§ DATA RECORDS:
----

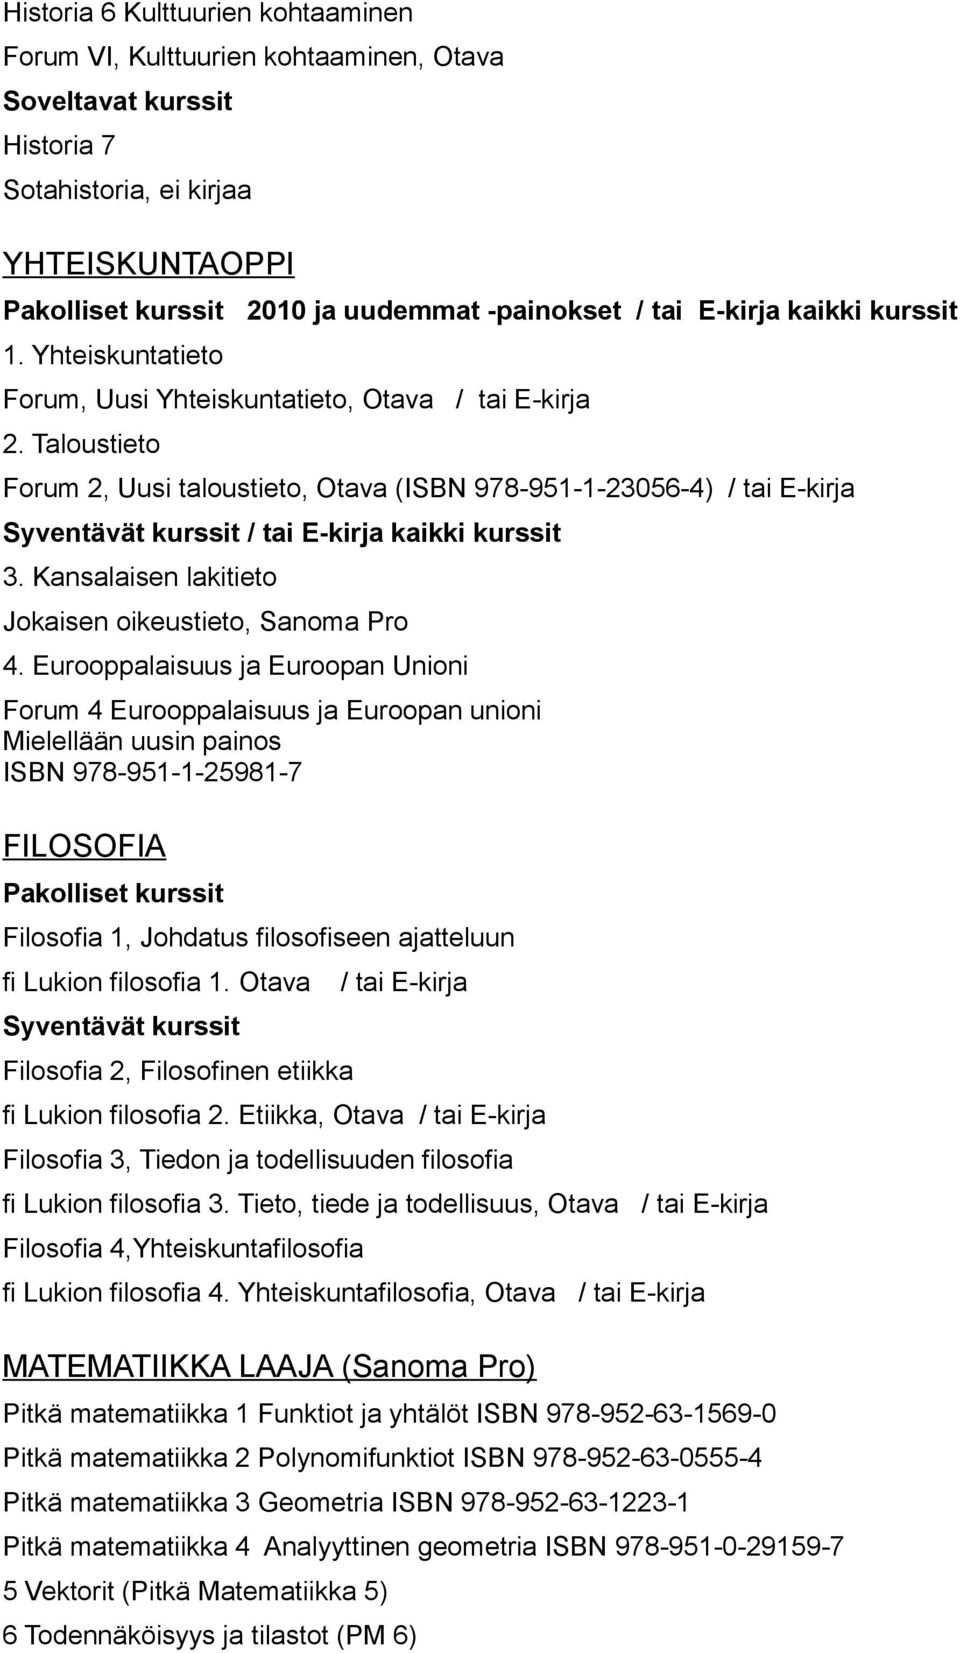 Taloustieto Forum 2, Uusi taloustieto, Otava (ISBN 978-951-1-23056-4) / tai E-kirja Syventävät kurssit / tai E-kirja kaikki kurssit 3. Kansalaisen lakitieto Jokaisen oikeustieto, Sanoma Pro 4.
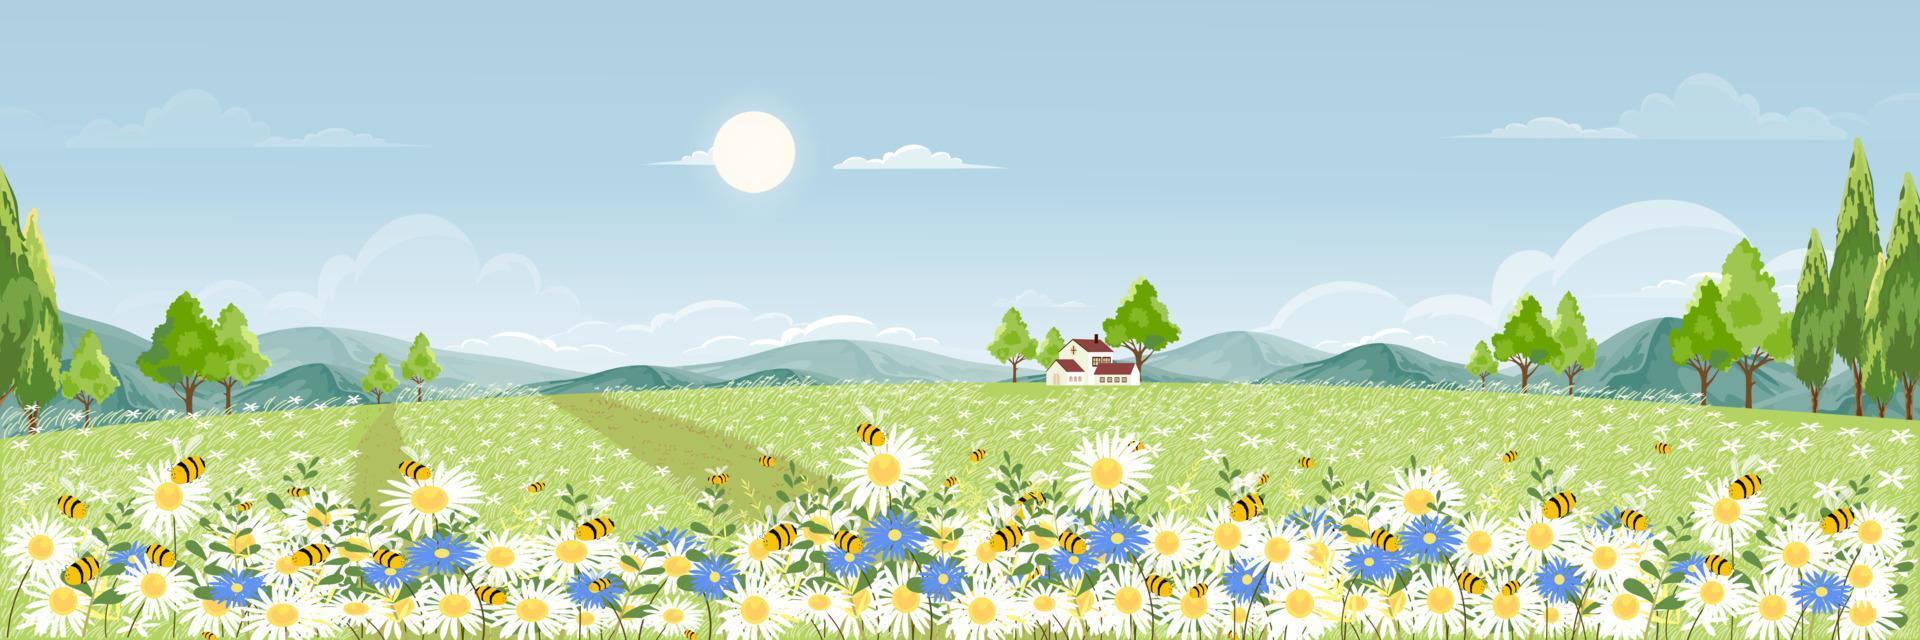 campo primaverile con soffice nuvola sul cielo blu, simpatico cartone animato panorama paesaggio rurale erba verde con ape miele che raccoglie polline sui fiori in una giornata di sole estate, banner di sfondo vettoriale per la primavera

----

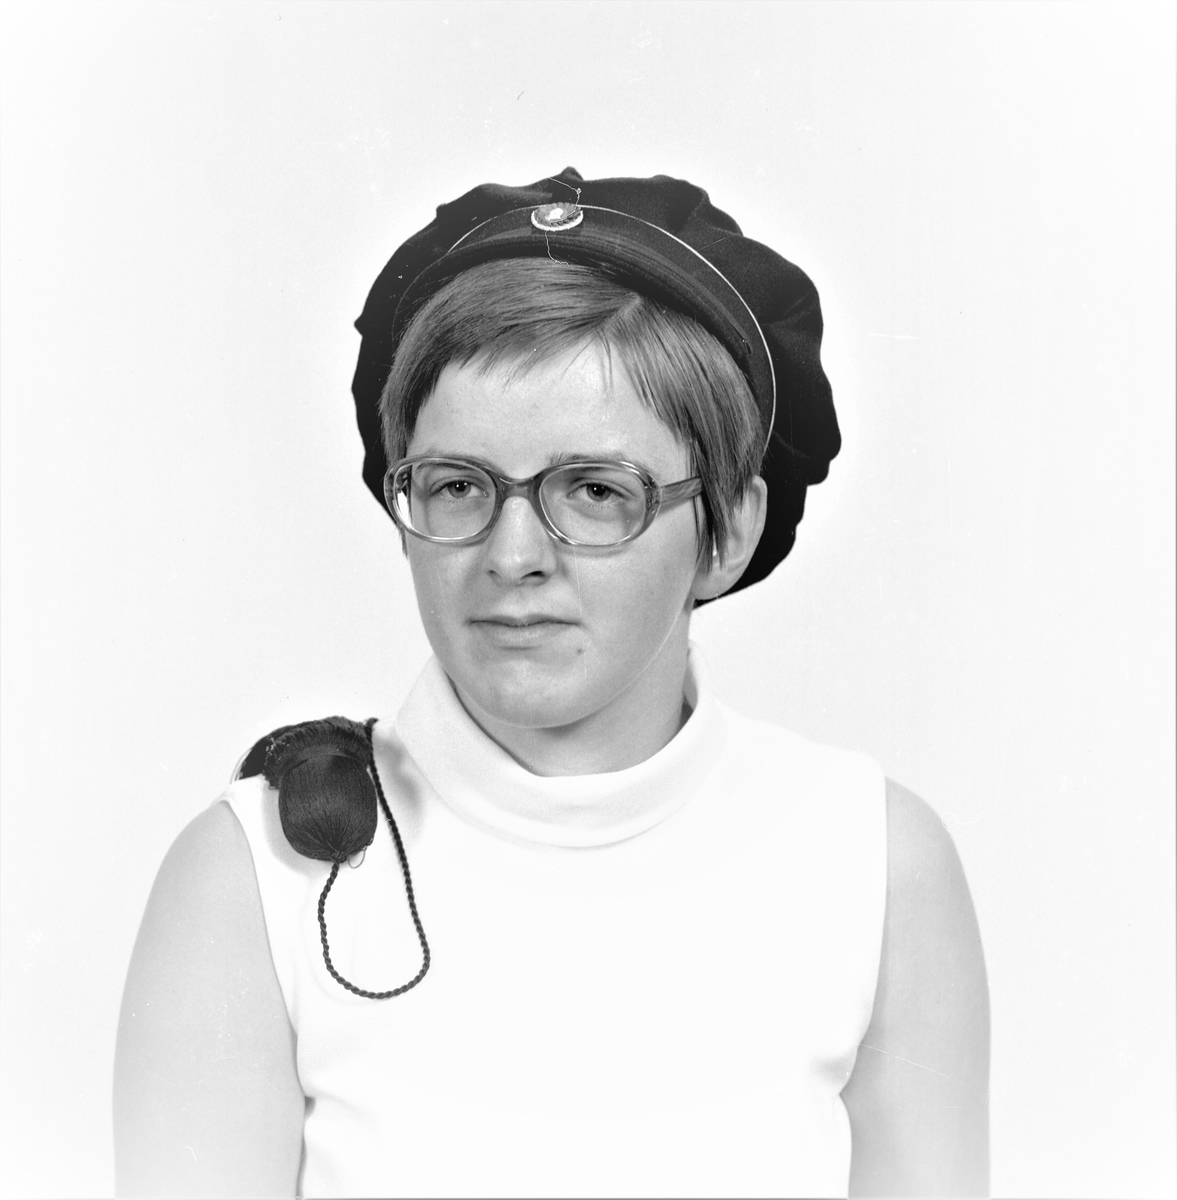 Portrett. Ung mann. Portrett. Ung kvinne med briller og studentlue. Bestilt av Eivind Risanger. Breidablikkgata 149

----

§ EXERCISE DESCRIPTION: From the records above, transcribe only the stretch from the line with "Taloustieto Forum 2, Uusi" through the line with "campo primaverile con", keeping both ends. Omit pictures.

§ RESPONSE FOR THIS EXERCISE:
 Taloustieto Forum 2, Uusi taloustieto, Otava (ISBN 978-951-1-23056-4) / tai E-kirja Syventävät kurssit / tai E-kirja kaikki kurssit 3. Kansalaisen lakitieto Jokaisen oikeustieto, Sanoma Pro 4.
 campo primaverile con soffice nuvola sul cielo blu, simpatico cartone animato panorama paesaggio rurale erba verde con ape miele che raccoglie polline sui fiori in una giornata di sole estate, banner di sfondo vettoriale per la primavera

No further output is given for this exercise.